Twitter has broken its silence on reports that millions of usernames and passwords of users of the microblogging platform are now available on the dark web.
On 8 June, news emerged that hackers had accessed millions of Twitter credentials.
In an official blogpost, the microblogging platform reassured that the leaked information was not obtained from its servers. The post reads:
"Over the past days and weeks we've responded to several issues, including reports of leaked Twitter @names and passwords as well as potential collateral damage from the numerous breaches of other websites."
It further added, "....we've investigated claims of Twitter @names and passwords available on the "dark web," and we're confident the information was not obtained from a hack of Twitter's servers".

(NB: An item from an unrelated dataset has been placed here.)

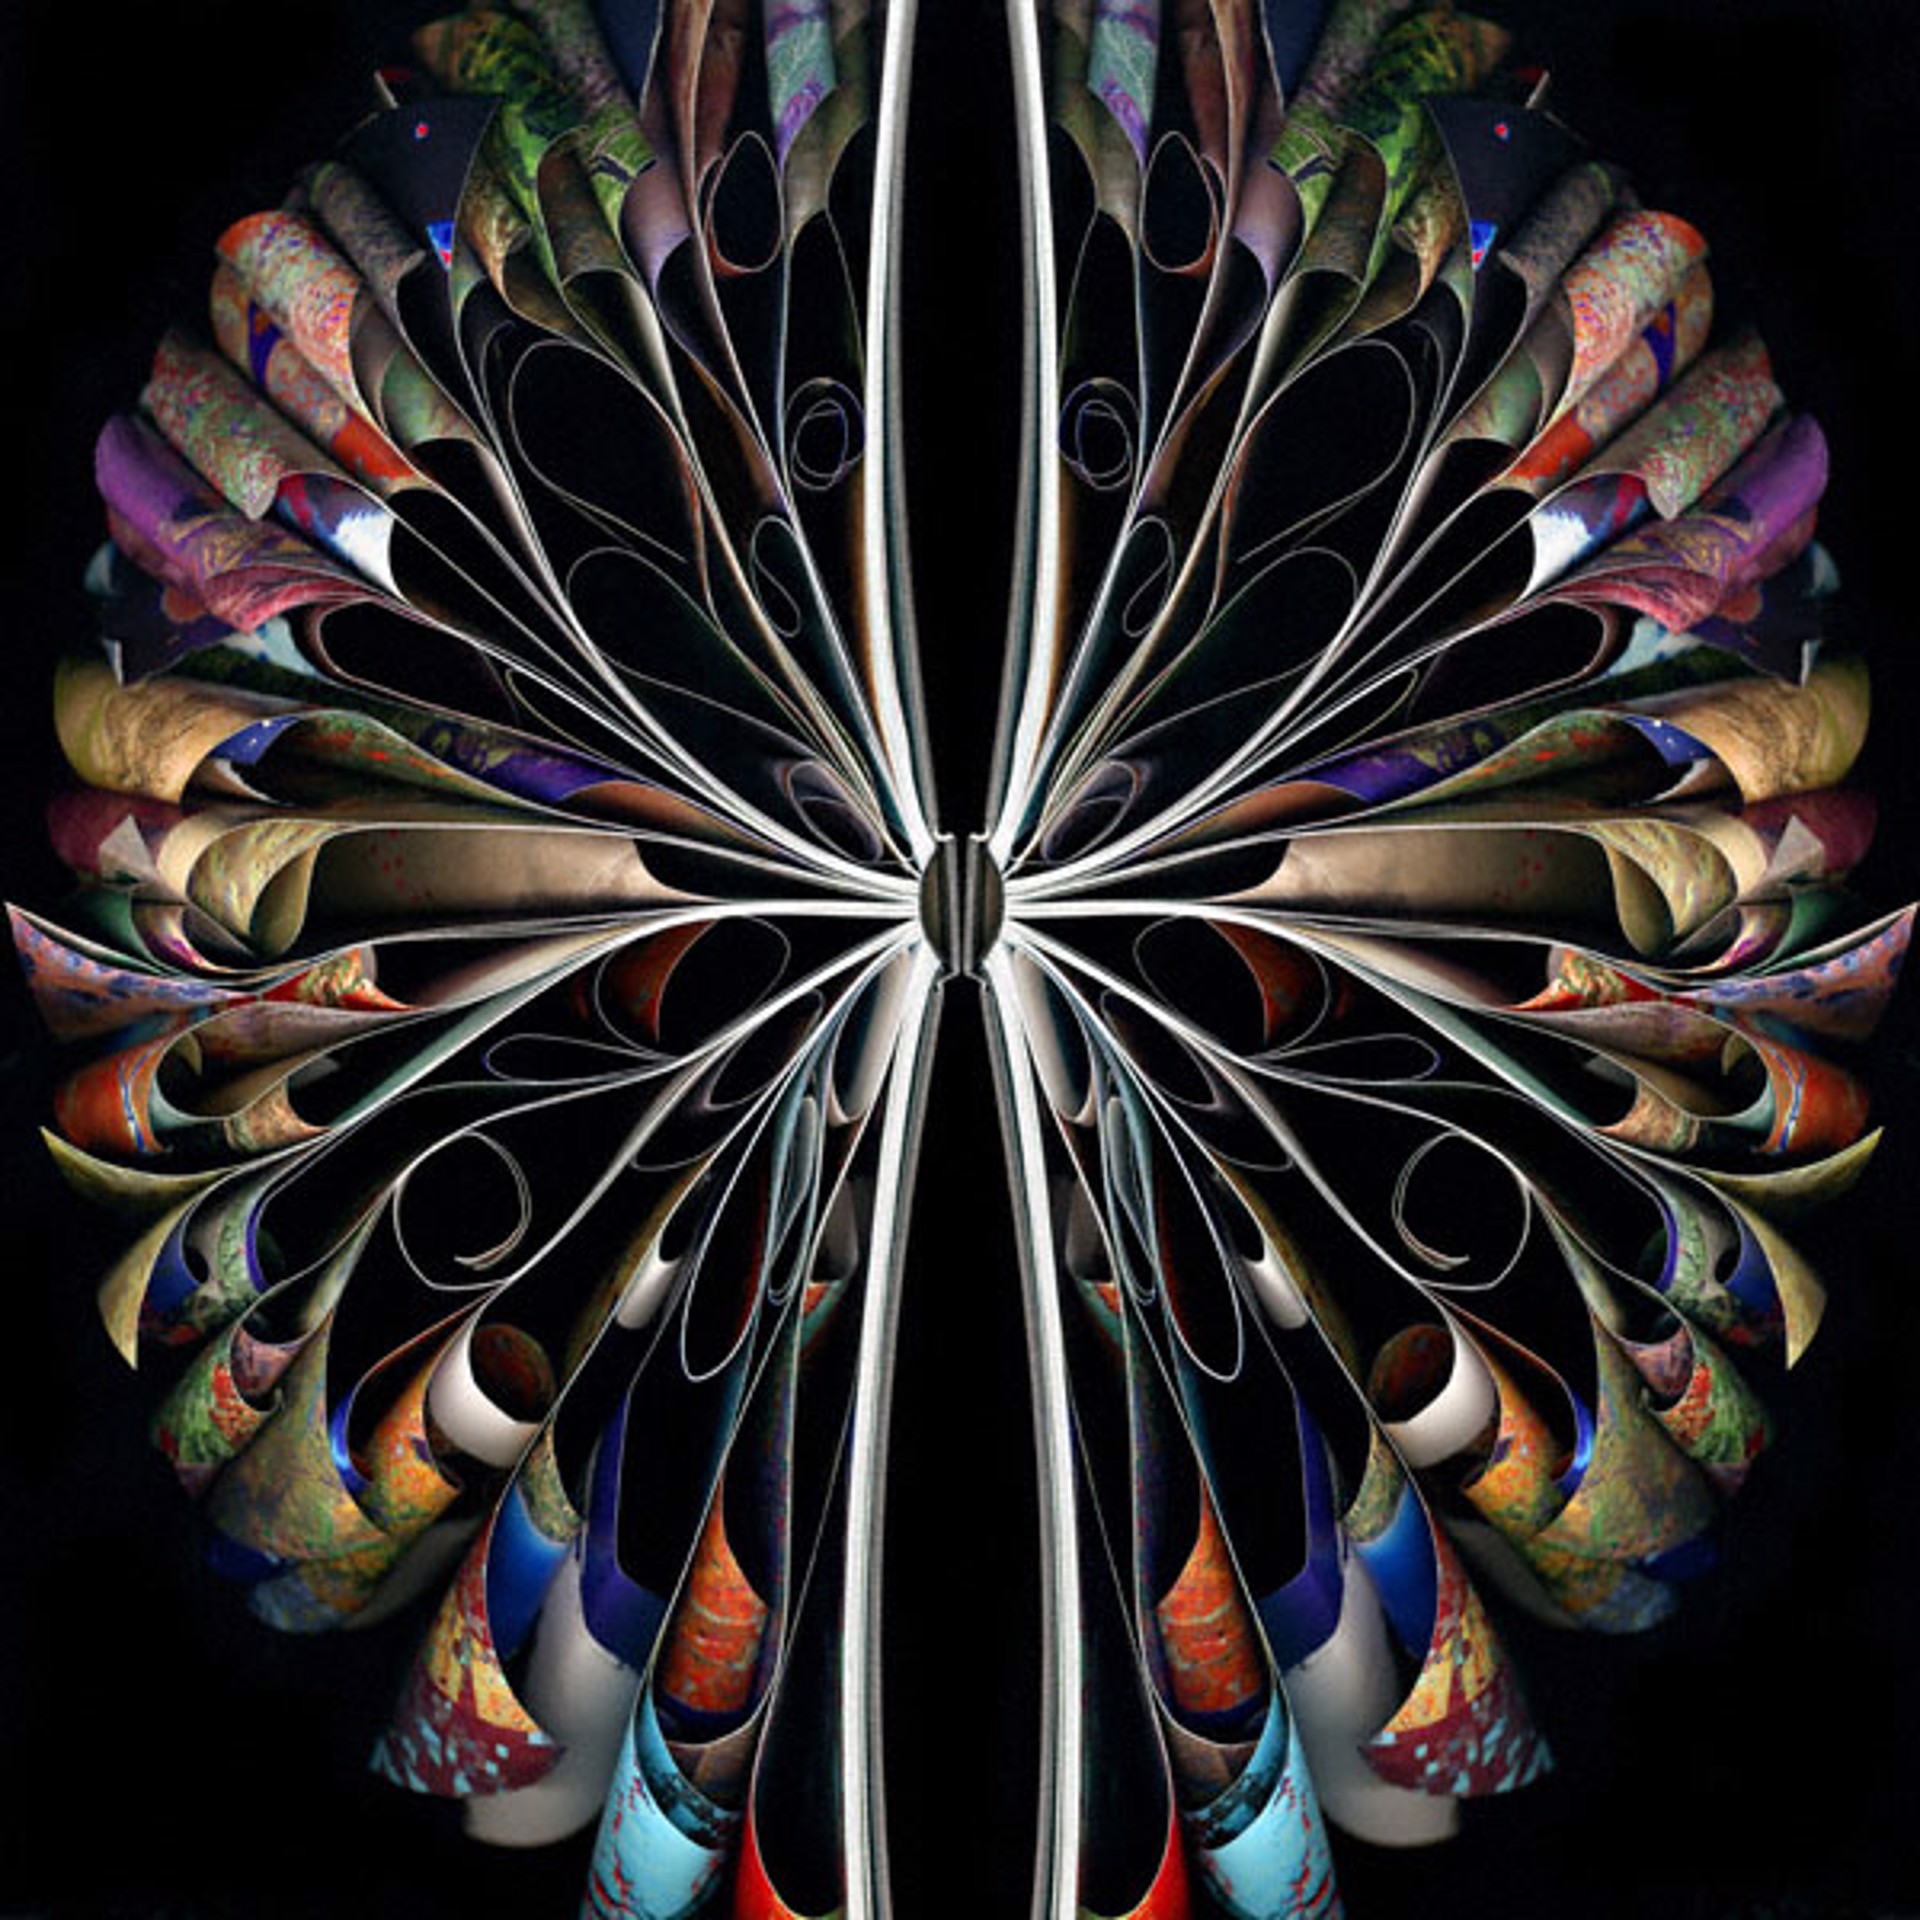 Kaleidoscope by Cara Barer

"The purported Twitter @names and passwords may have been amassed from combining information from other recent breaches, malware on victim machines that are stealing passwords for all sites, or a combination of both. Regardless of origin, we're acting swiftly to protect your Twitter account".
"In each of the recent password disclosures, we cross-checked the data with our records. As a result, a number of Twitter accounts were identified for extra protection. Accounts with direct password exposure were locked and require a password reset by the account owner."
What can you do?
Twitter advises, "If your Twitter information was impacted by any of the recent issues - because of password disclosures from other companies or the leak on the "dark web" - then you have already received an email that your account password must be reset. Your account won't be accessible until you do so, to ensure that unauthorised individuals don't have access."
Here's how you can keep your Twitter account safe
- Enable login verification (eg two factor authentication). This is the single best action you can take to increase your account security.
- Use a strong password that you don't reuse on other websites.
- Use a password manager such as 1Password or LastPass to make sure you're using strong, unique passwords everywhere.